INFORMATION MEMORANDUM ON THE PROCESSING OF PERSONAL DATA

Dear customers, business partners and the public,


the document you are reading now contains basic information about how we process your personal data. We appreciate that you share your personal data with us and are committed to protecting it as much as possible. We also strive to be as transparent as possible with you about how we process your personal data.


In light of new European Union legislation, this information memorandum has been prepared in accordance with Regulation (EU) 2016/679 of the European Parliament and of the Council of 27 April 2016 on the protection of natural persons with regard to the processing of personal data and on the free movement of such data, and repealing Directive 95/46/EC (GDPR).


This Information Memorandum sets out the basic information that we are required to provide as a data controller. If you have any questions regarding the processing of your personal data, please do not hesitate to contact us by e-mail at gdpr@datera.support or by phone at +420 228 227 418. In all cases, we can be contacted at our delivery address Hráského 25, 148 00 Prague 4.


Who is the data controller?

The controller is the natural or legal person, public authority, agency or other body which alone or jointly with others determines the purposes and means of the processing of personal data; where the purposes and means of such processing are determined by Union or Member State law, that law may determine the controller concerned or the specific criteria for its determination.


The personal data controller is DATERA s. r. o., with registered office at Hadovitá 962/10, 141 00 Prague 4, identification number 24804932, a company registered with the Municipal Court in Prague, file number C 175842.


Who is the data protection officer?

The data protection officer is the person who is experienced in the field of data protection and does everything to ensure that the processing takes place as it should, in particular in accordance with the relevant legal regulations. It is also the most authorized person to handle questions and requests regarding personal data.

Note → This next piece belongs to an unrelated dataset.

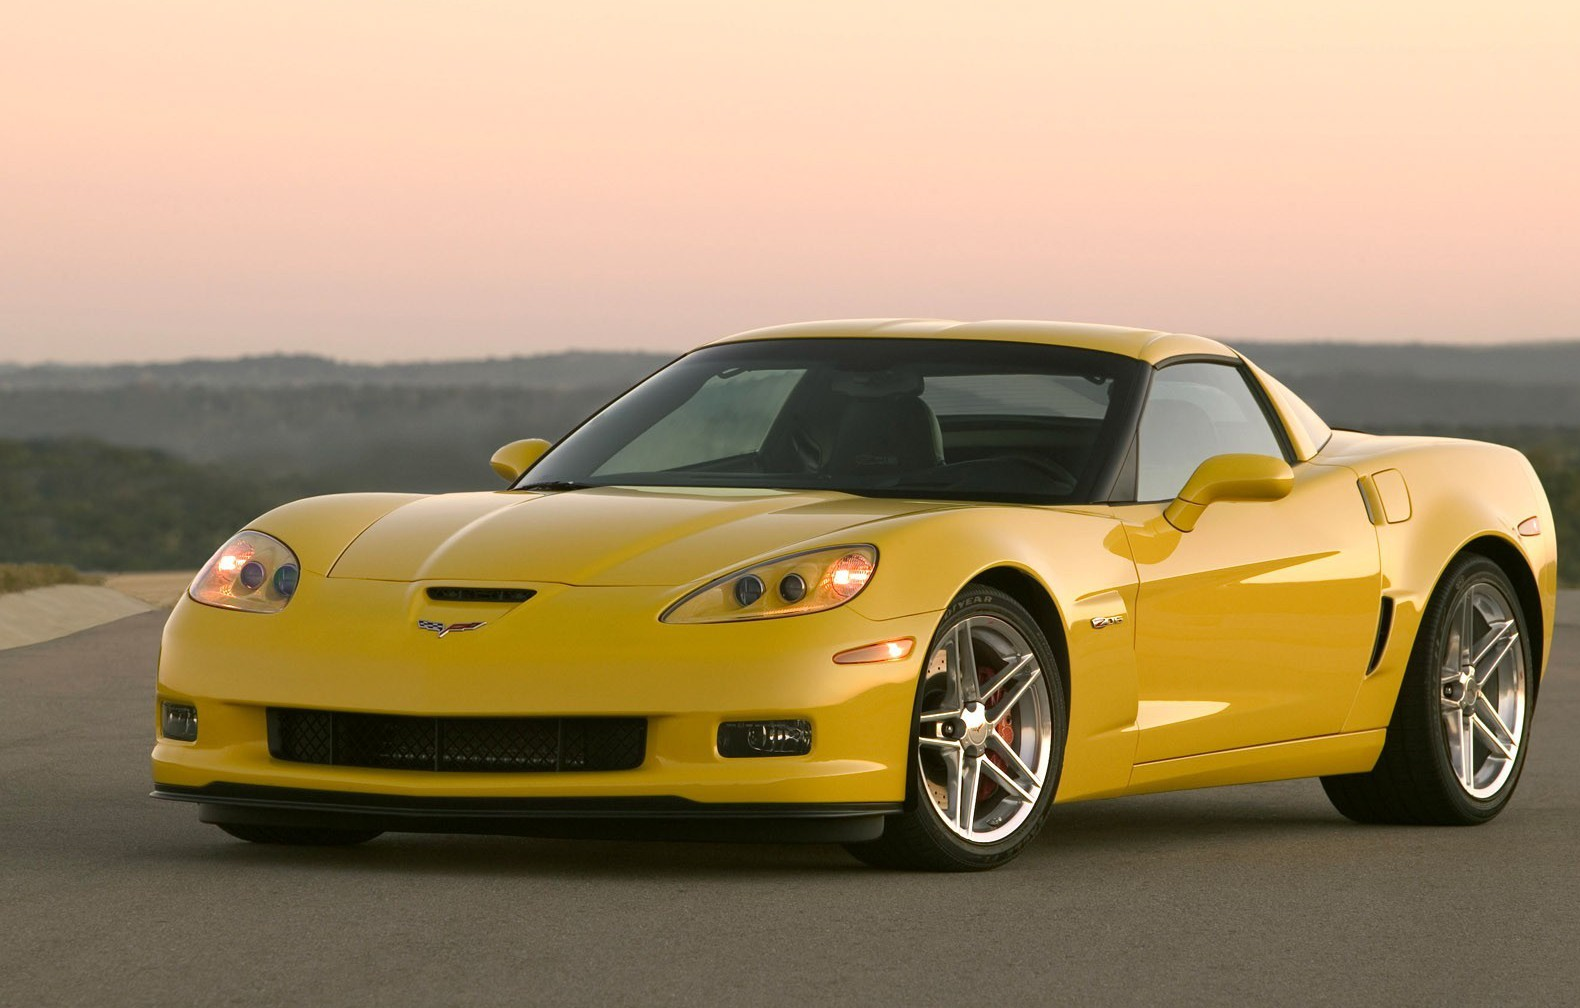 C6 Corvette Owners File Lawsuit Against General Motors

The controller decided that it is not obliged to appoint an official data protection officer pursuant to Article 37 of the GDPR.


What is the purpose of the personal data?

The controller performs many activities, about which he would like to inform you. The processing that the controller performs varies depending on the relationship in which you are with us.


If you are a candidate, who would like to become part of our team, then we process your personal data

  • based on contractual obligation and use your personal data to

    • recruitment and ensuring the selection process for the vacant position;

    • searching for suitable candidates on the labor market.

If you are a visitor to our premises, then we process your personal data

  • based on our legitimate interests and use your personal data to

    • management of access to the company;

    • management of the protection of property and persons in the company's premises, where we record your image in connection with your movement on the company's premises.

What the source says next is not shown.